I get pictures of deer every night.  Last nights pictures showed 5 does in my pasture but I have not seen anything during daylight hours in a couple weeks.  At least the does are around.  I guess it's just a matter of time.


----------



## j_seph (Nov 19, 2009)

ja88red said:


> I have some land near chicopee woods many deer I have seen 7 different bucks on my trail cam and come this weekend and next week I hope to put one down. But the north part of hall is looking good seen very fresh rubs this week and last week so be ready at any moment


 A guy was telling me about a monster 10 point getting ran over on 985 around chicopee last week


----------



## dadams (Nov 21, 2009)

shot a decent 8 this morning his hocks stunk and as black.  he come out with nose to the ground.


----------



## Youngbuck1928 (Nov 27, 2009)

I hunt North Hall, there were 5 bucks killed this week Nov. 22-27 that were nice that I know of.  The bucks are careless right now, we have seen several bucks chasing does on our club this week.  A 10 y/o killed a nice 8 pt. Thanksgiving evening.  In my opinion, now is the time to hunt the hardest.


----------



## TommyA(GA) (Dec 2, 2009)

Youngbuck1928 said:


> I hunt North Hall, there were 5 bucks killed this week Nov. 22-27 that were nice that I know of.  The bucks are careless right now, we have seen several bucks chasing does on our club this week.  A 10 y/o killed a nice 8 pt. Thanksgiving evening.  In my opinion, now is the time to hunt the hardest.
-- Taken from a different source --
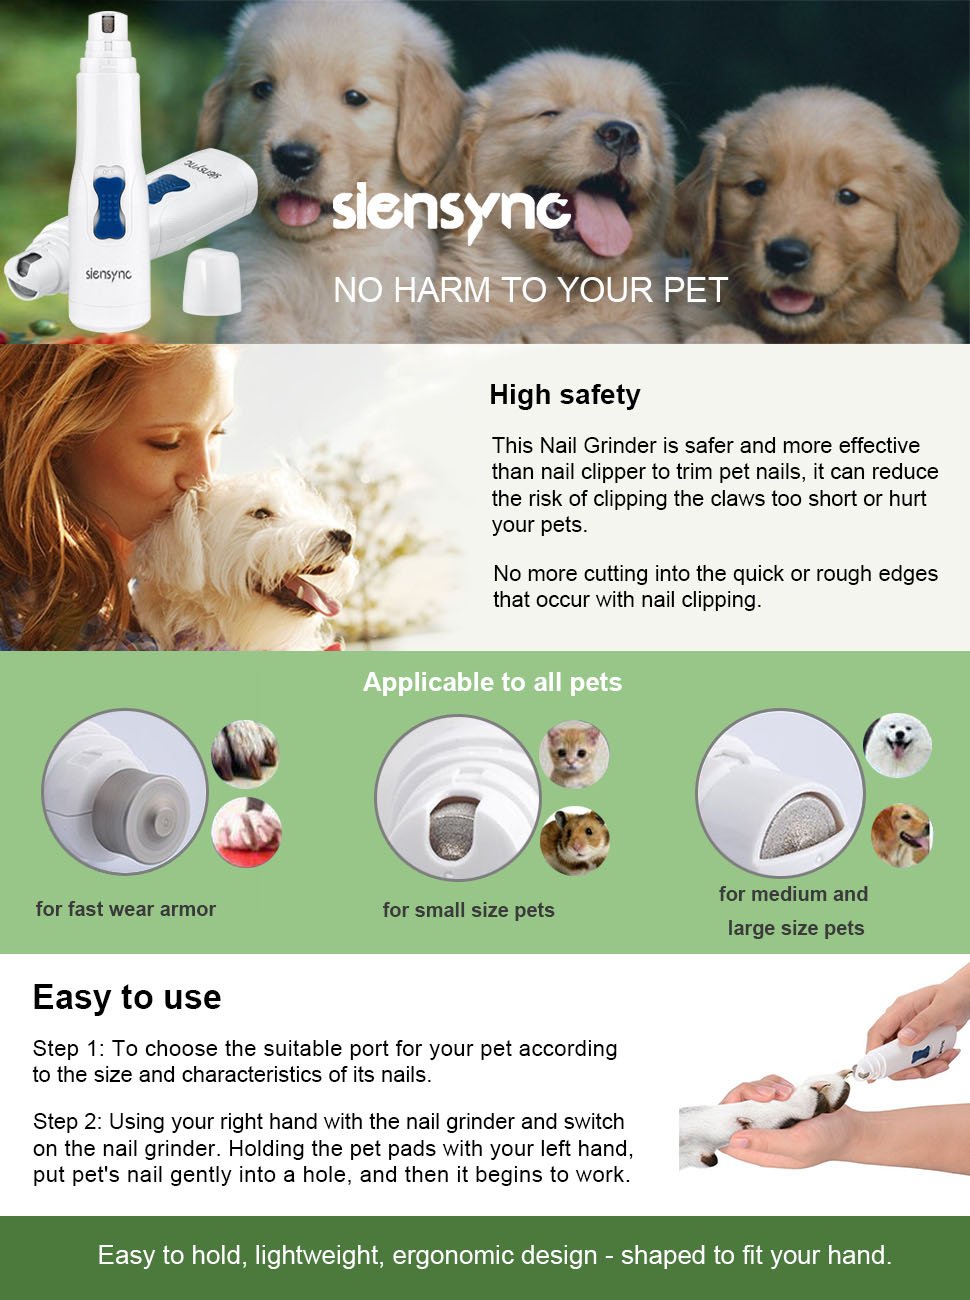 Amazon.com : Siensync Electric Pet Nail Grinder - Gentle ...

Where's your club at?  Got room for next year if it's close to me?  I'm off of 60.


----------



## TommyA(GA) (Dec 12, 2009)

Any more updates for North Hall Co between 400 and 985?


----------



## Jighead (Dec 13, 2009)

My buddy fished a tournament on the lake yesterday and seen deer all day, seen several bucks chasing does.


----------